> **WHAT THE TASK REQUIRES**: Restate, word for word, the run of lines that starts at the line containing "miniatura 8 - Teva" and ends with the final line of the listing. Leave pictures out.

> **SOURCE MATERIAL**:

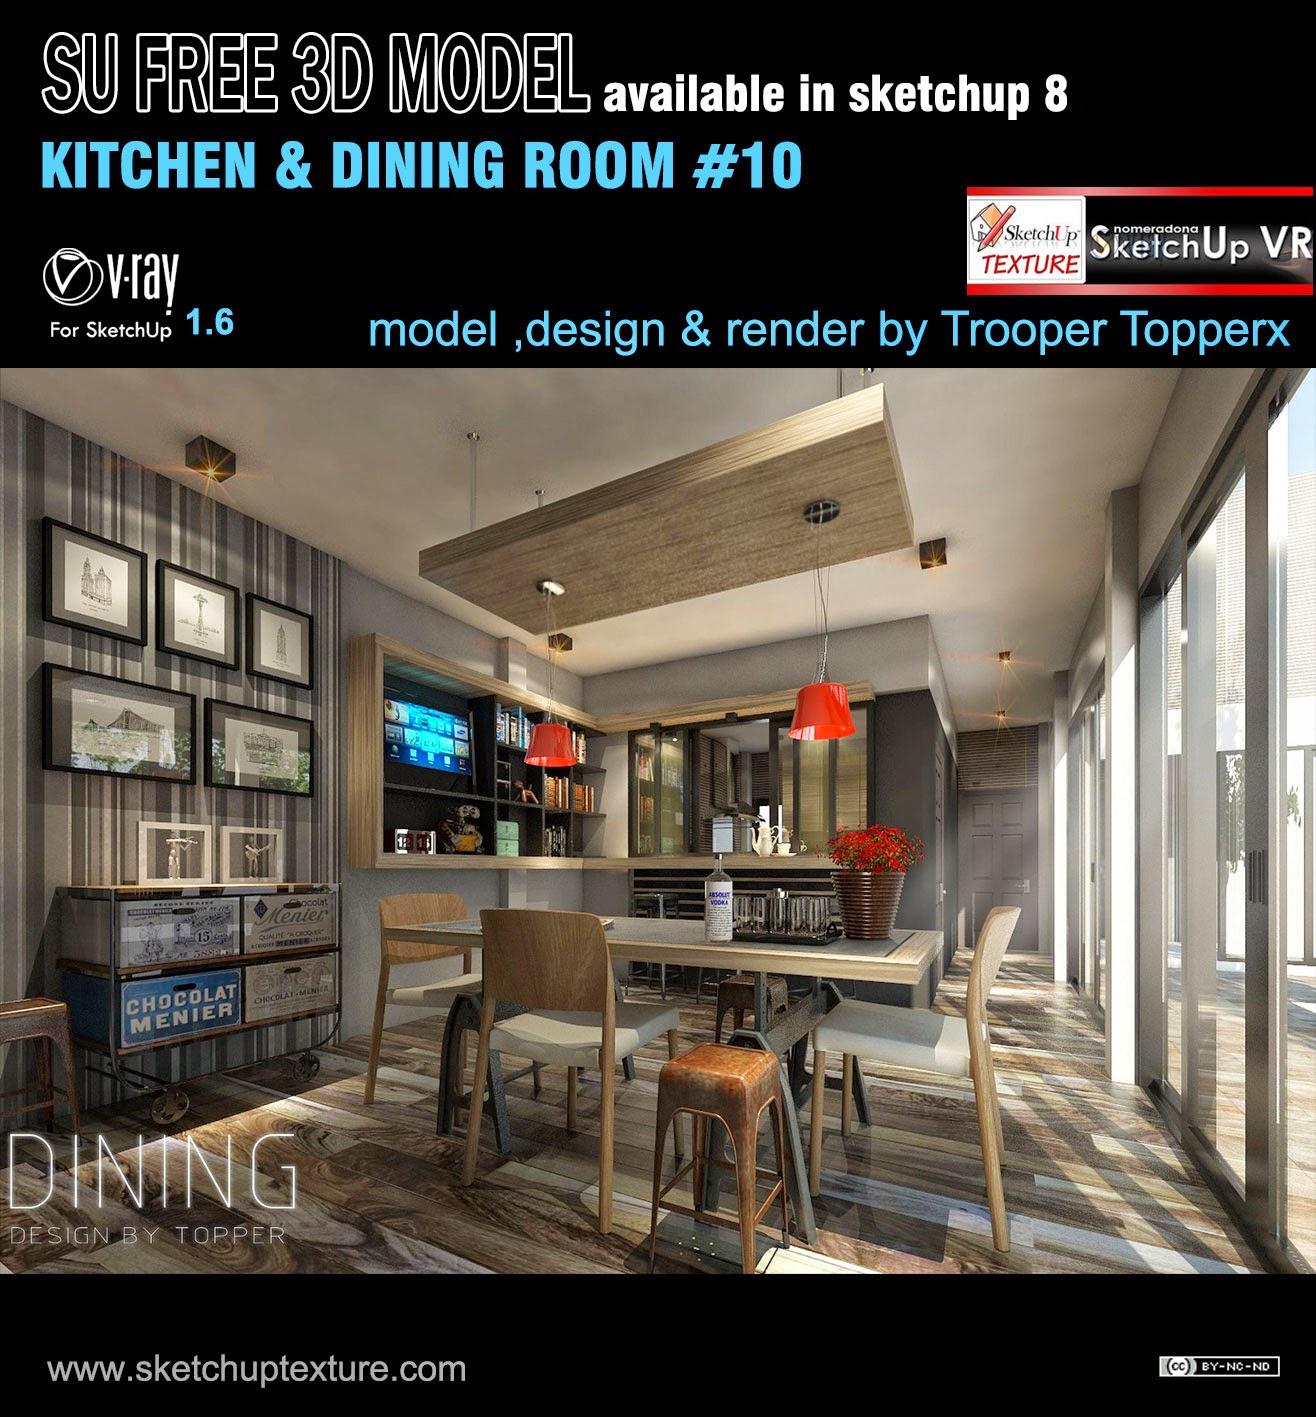 Best Free Sketchup 3d Model, Kitchen & Dining Room #10
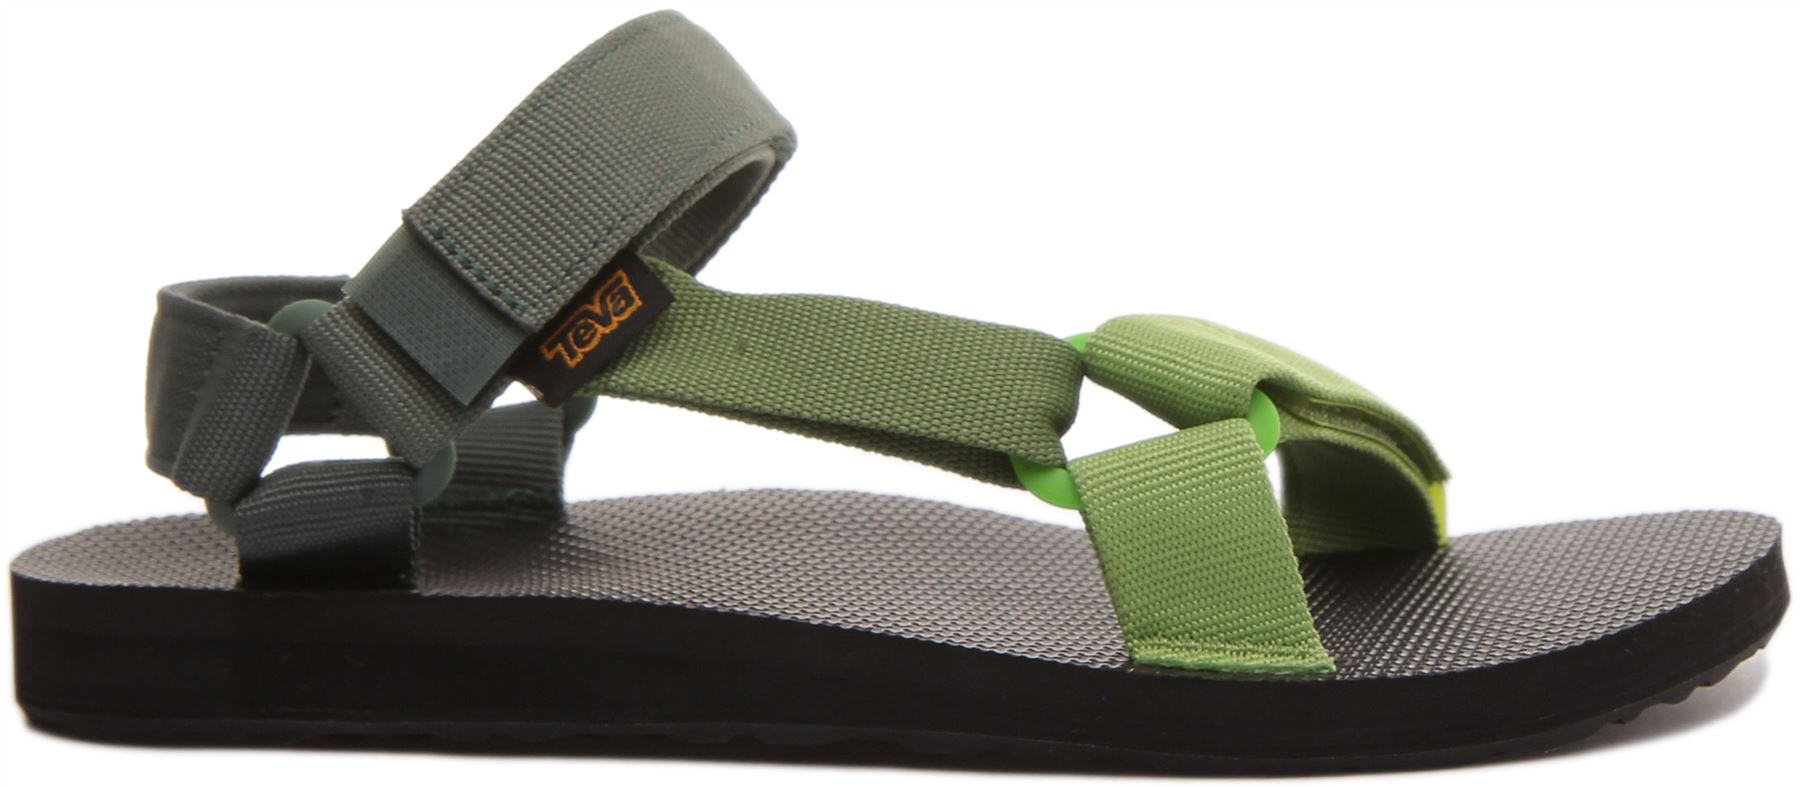 miniatura 8 - Teva Original Universal Da Uomo Con Cinturino Sandalo in Verde Taglia UK 6 - 12
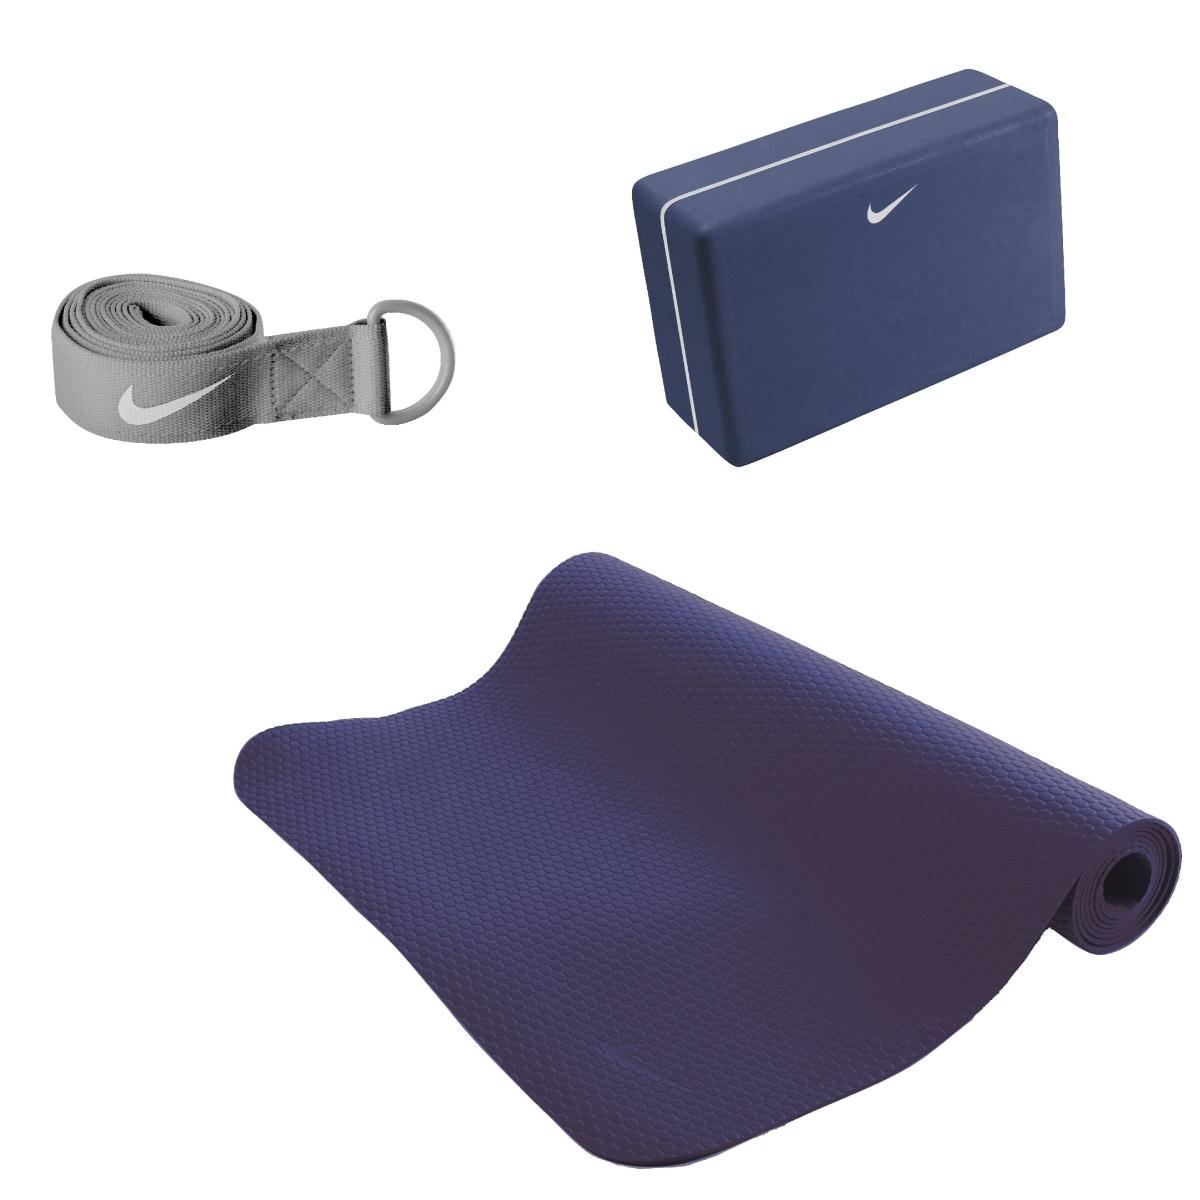 agenda cúbico horno  Nike Fitness Essential Yoga KIT 2017 dunkelblau online bestellen

> **RESULT OF THE TASK**:
 miniatura 8 - Teva Original Universal Da Uomo Con Cinturino Sandalo in Verde Taglia UK 6 - 12
 agenda cúbico horno  Nike Fitness Essential Yoga KIT 2017 dunkelblau online bestellen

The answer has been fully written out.